Egyptian Journal of Chest Disease and Tuberculosis (Jan 2020)
Pirfenidone vs nintedanib for treatment of idiopathic pulmonary fibrosis in clinical practice: efficacy, tolerability, and adverse effects
Abstract
Background Idiopathic pulmonary fibrosis (IPF) is a chronic, progressive, and fatal disease, with a median survival of ∼2–5 years. The main target of treatment was to stabilize or reduce the rate of disease progression. Nintedanib and pirfenidone are new drugs that could be considered a breakthrough in the management of IPF as anti-inflammatory and antifibrotic agents. Aim The aim was to evaluate the efficacy, tolerability, and adverse effects of pirfenidone and nintedanib in the management of IPF. Patients and methods A total of 50 patients (38 males and 12 females) were included in our study. IPF diagnosis was established according to the international guidelines. The patients were started on antifibrotic therapy with either pirfenidone or nintedanib. Clinical, functional, and radiological follow-ups were done for all patients prospectively at baseline, at 6 months, and at 12 months of therapy. Result The mean age of nintedanib group was significantly higher (78.41±6.8 vs 62.34±6.3 years for pirfenidone group; P<0.0001). Male sex was more prevalent (72% for pirfenidone group and 80% for nintedanib group). No significant differences in forced expiratory volume in the first second, forced vita capacity (FVC), forced expiratory volume in the first second/FVC, total lung capacity, and diffusion capacity of carbon monoxide % of predicted were found at baseline. At 6 months, High-resolution computed tomography showed significant regression of the disease in 33% of nintedanib group.
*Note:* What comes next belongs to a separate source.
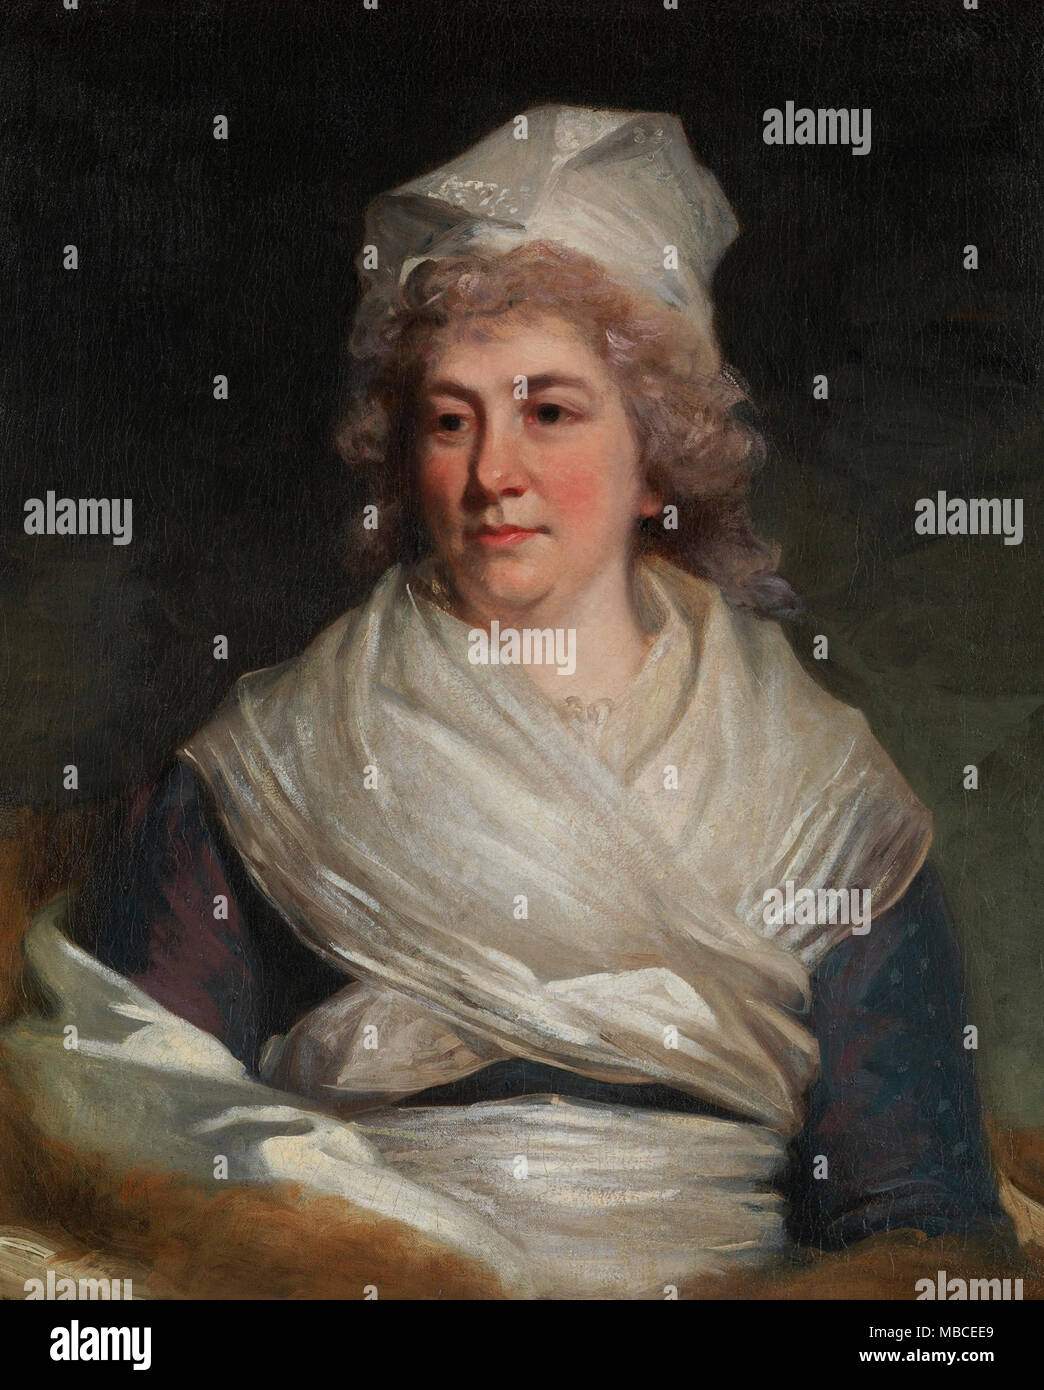 Portrait of Sarah Franklin Bache - John Hoppner, circa 1793 - Stock Image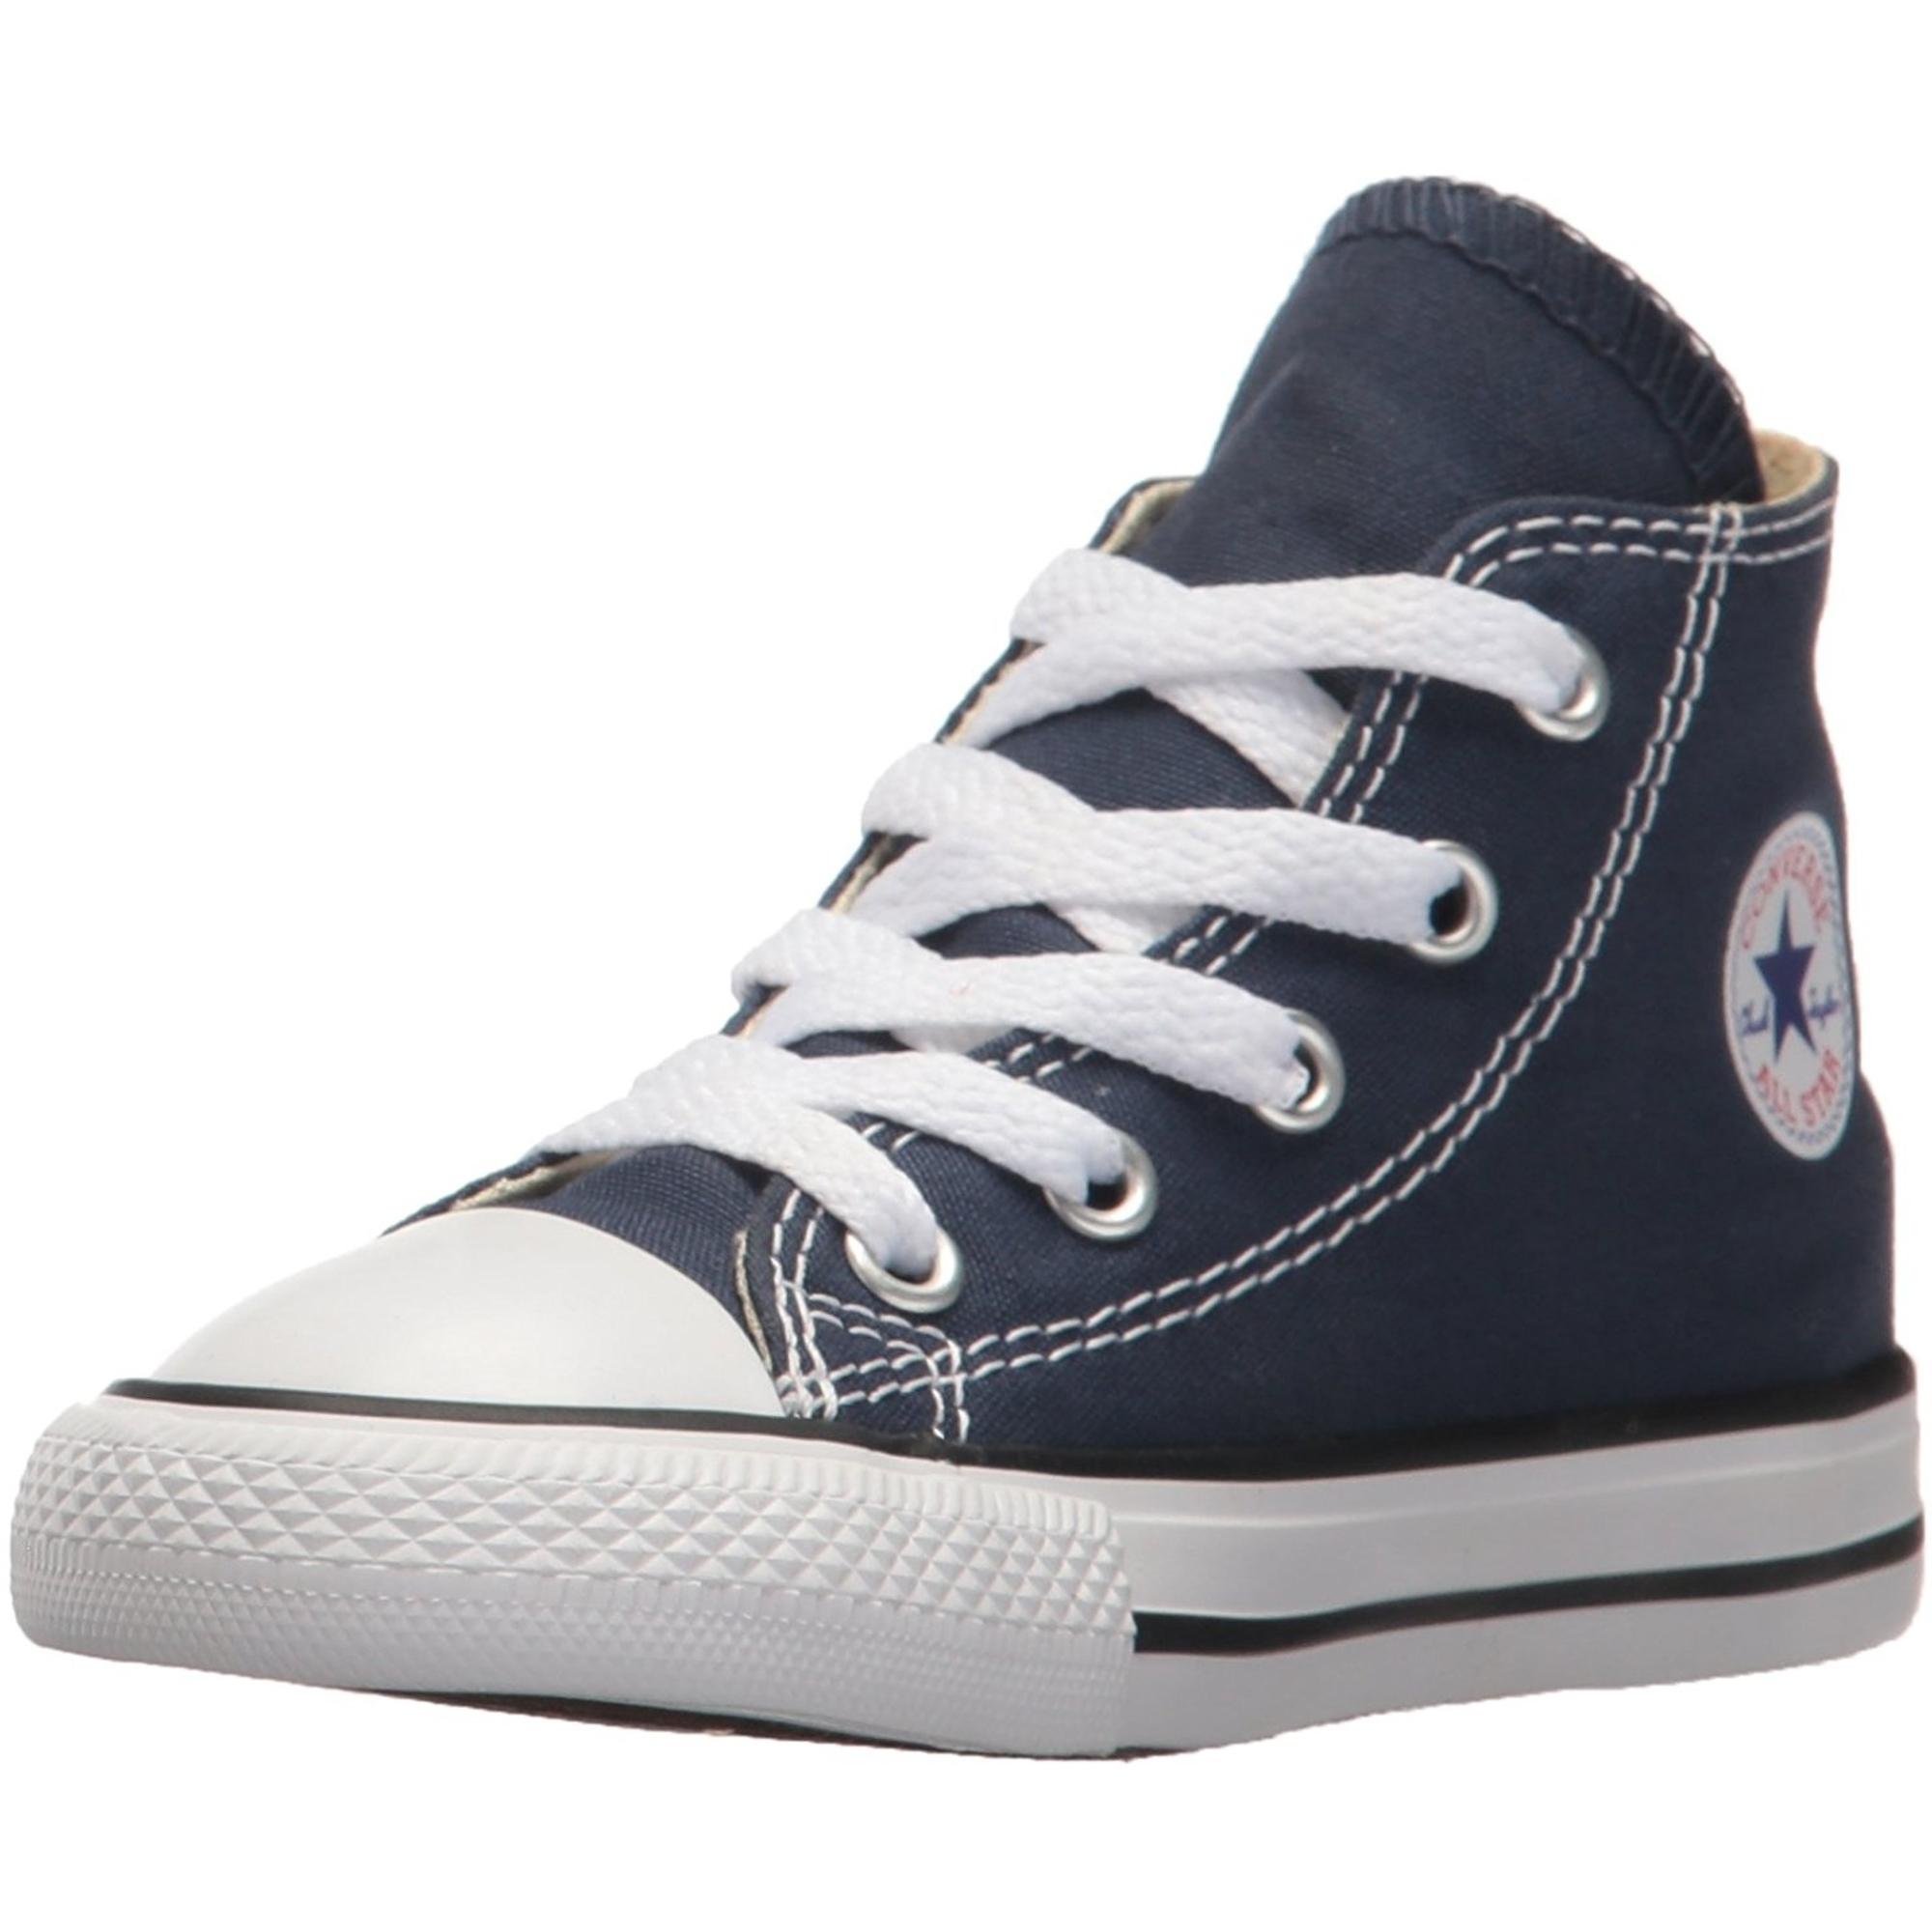 Converse Chuck Taylor All Star Hi Dark Navy Textil Baby

At 12 months, there were significant improvements in FVC and diffusion capacity of carbon monoxide % predicted for nintedanib group. Skin rash, weight loss, and vomiting were the most frequent in pirfenidone group (28% for each), whereas 64% developed diarrhea in the nintedanib group. Drug discontinuation was significantly higher in the nintedanib group (24 vs 8% for pirfenidone group). Exacerbation on therapy was significantly higher in the pirfenidone group (36 vs 16% for nintedanib group). Conclusion Both pirfenidone and nintedanib appeared to stabilize a disease typically associated with progressive deterioration in the clinical, functional, and radiological parameters. Nintedanib had better clinical, functional, and radiological outcomes but also had lower tolerability and more serious AE than pirfenidone.